### What to work on
Reproduce exactly, and only, the lines below from the one containing "Civil Society in" through the one containing "The Vice President".

### Dataset entries
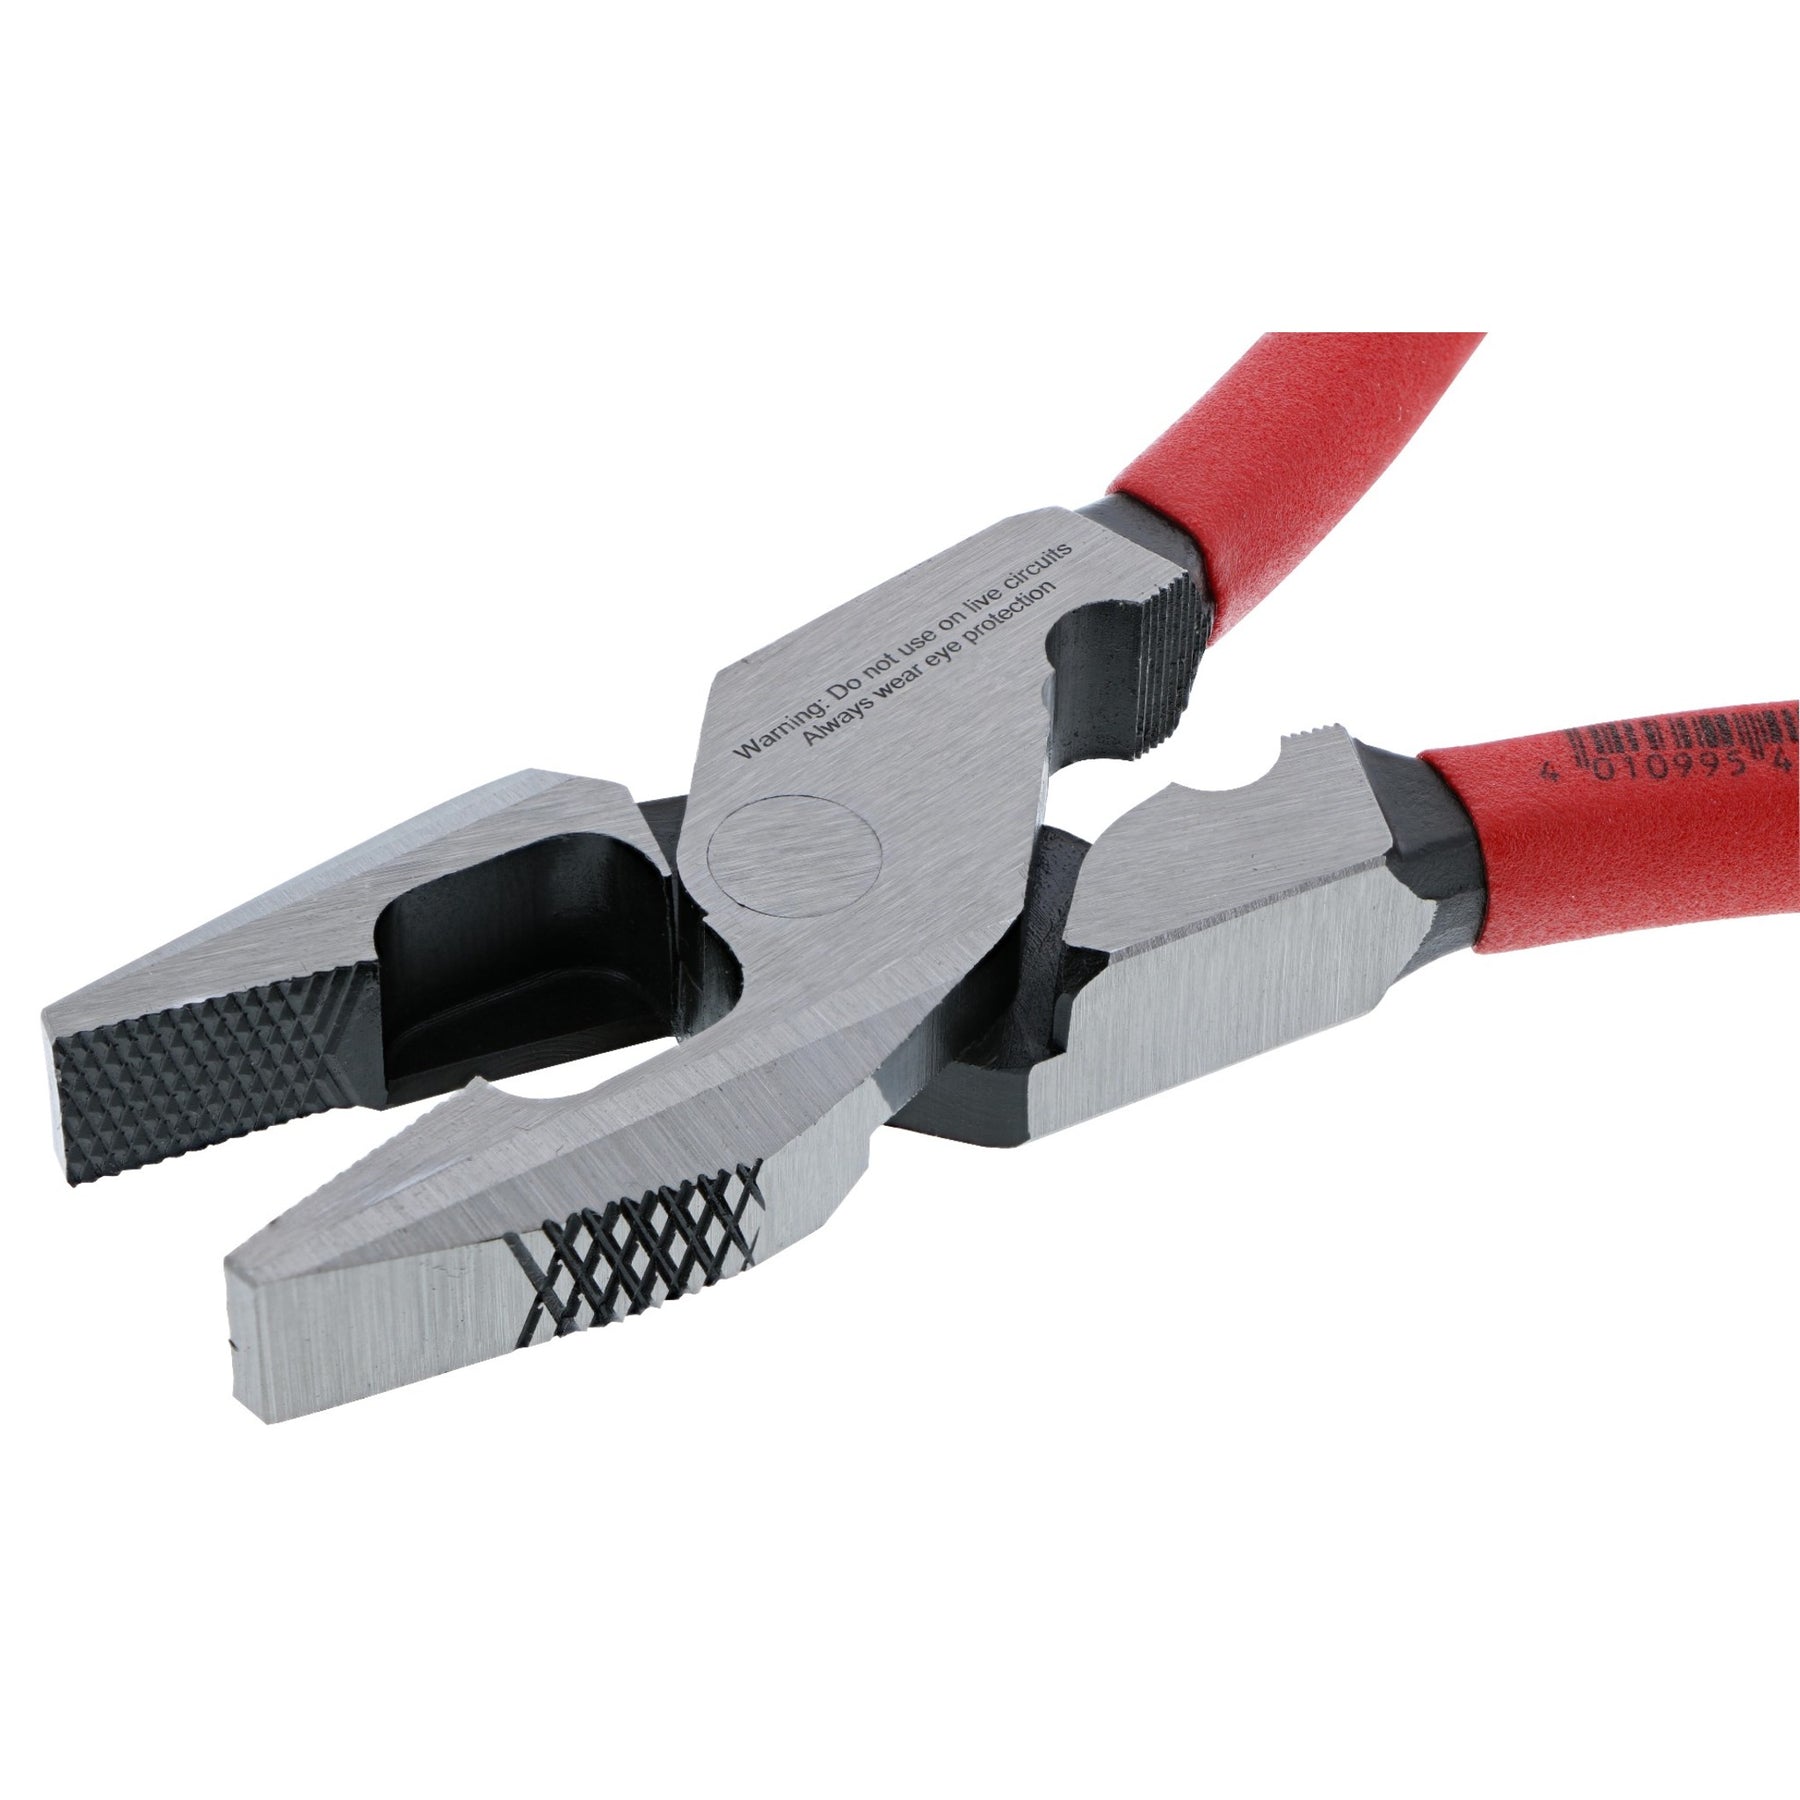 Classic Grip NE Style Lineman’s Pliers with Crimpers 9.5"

---

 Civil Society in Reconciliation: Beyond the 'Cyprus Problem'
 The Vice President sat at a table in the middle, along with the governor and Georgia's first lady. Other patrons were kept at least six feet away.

### Task output
 Civil Society in Reconciliation: Beyond the 'Cyprus Problem'
 The Vice President sat at a table in the middle, along with the governor and Georgia's first lady. Other patrons were kept at least six feet away.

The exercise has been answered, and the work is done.